The court found that “as applied” to the Thomas More Law Center (TMLC), which represents advocates of causes based on traditional Christian religious principles, the disclosure requirement “places individuals ‘in fear of excising their constitutionally protected rights of free expression, assembly, and association’” (citing other authority).

“Free speech can be exercised without making a sound or writing a word,” said Castoria. “Private donors who provide financial support for advocacy organizations that represent clients who advocate causes are exercising their First Amendment rights. Such donors’ identities should not be subject to mandatory disclosure to state agencies when doing so will likely expose them to harassment, boycott, or bodily harm.” He noted that on cross-examination, the Attorney General’s  employees admitted that no complaints had ever been made against TMLC, nor had they conducted or planned to conduct any investigation of the Law Center.

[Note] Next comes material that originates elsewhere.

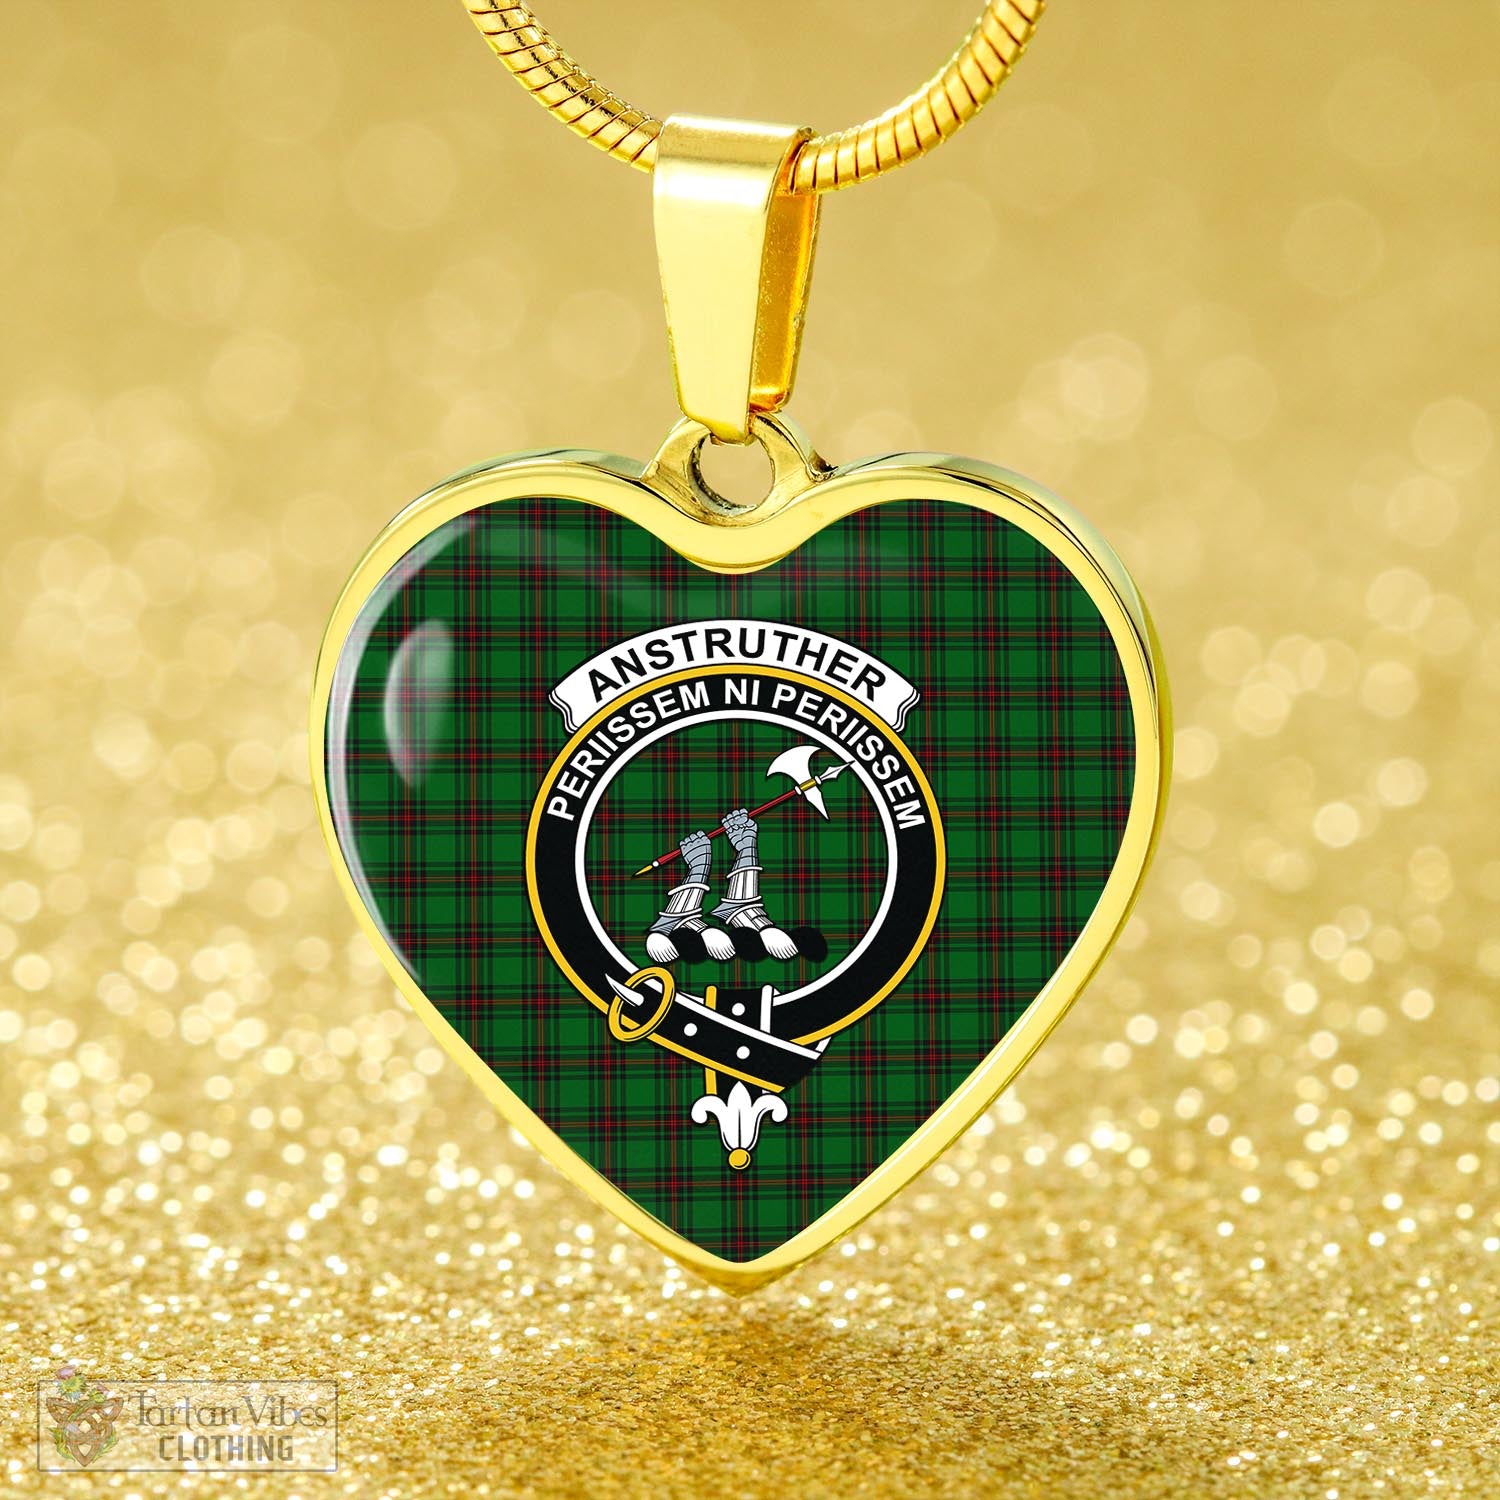 Tartan Vibes Clothing Anstruther Tartan Heart Necklace with Family Crest

Richard Thompson, President and Chief Counsel of the Thomas More Law Center, commented, “Louie Castoria did a fantastic job not only defending the Law Center, but defending fundamental aspects of the First Amendment.”

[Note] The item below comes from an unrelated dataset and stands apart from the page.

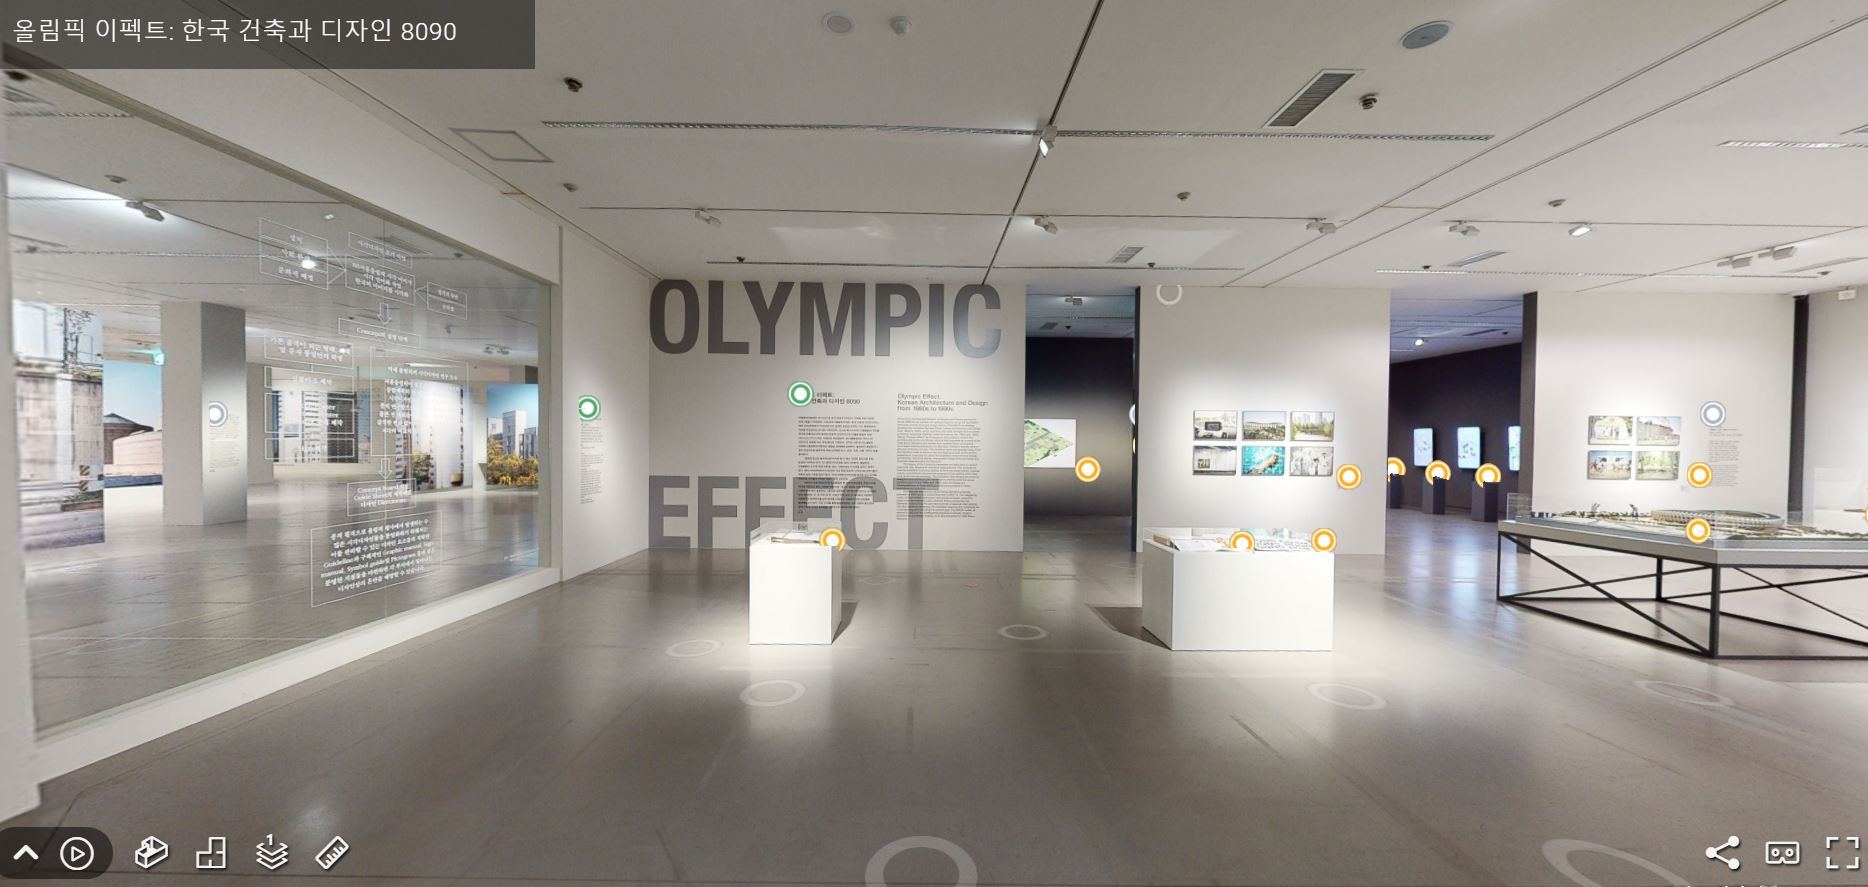 VR Tour for Olympic Effect: Korean Architecture and Design from 1980s to 1990s 이미지

Since NAACP v. Alabama, 357 U.S. 449 (1958), the Supreme Court of the United States has recognized that supporters of organizations advocating controversial views have the right to donate anonymously, with their identities free from disclosure from prying government eyes other than disclosure to the IRS. KD’s team established a reasonable probability that the compelled disclosure “would burden the donors’ First Amendment Rights,” as the court found.

TMLC is a 501(c)(3) nonprofit, raising funds through charitable contributions. California state law requires TMLC to file a copy of its IRS Form 990 (including the Schedule B) with the State Registry of Charitable Trusts. It includes the names and addresses of every donor who gave more than $5,000 in a tax year. The Form 990 is public but the Schedule B is not. Since 2001, TMLC filed its Form 990 with the Attorney General, not including its Schedule B, and each year the Attorney General accepted the registration. But in 2015, the Attorney General gave TMLC 30 days’ notice that if it did not file its Schedule B list, its tax exempt status and license to raise funds would be revoked, and its officers would be held personally liable for penalties.

The District Court granted TMLC a preliminary injunction which the Ninth Circuit partially vacated, but allowed the District Court to decide TMLC’s “as-applied” challenge at trial.

As an “as-applied” constitutional challenge, the case does not apply on a blanket basis to all advocacy organizations, but illustrates the continuing need for judicial protection of controversial free speech, on all points in the spectrum of opinion.

The case is Thomas More Law Center v. Harris, No. CV 15-3048-R, (C.D., Cal., 11/16/2016).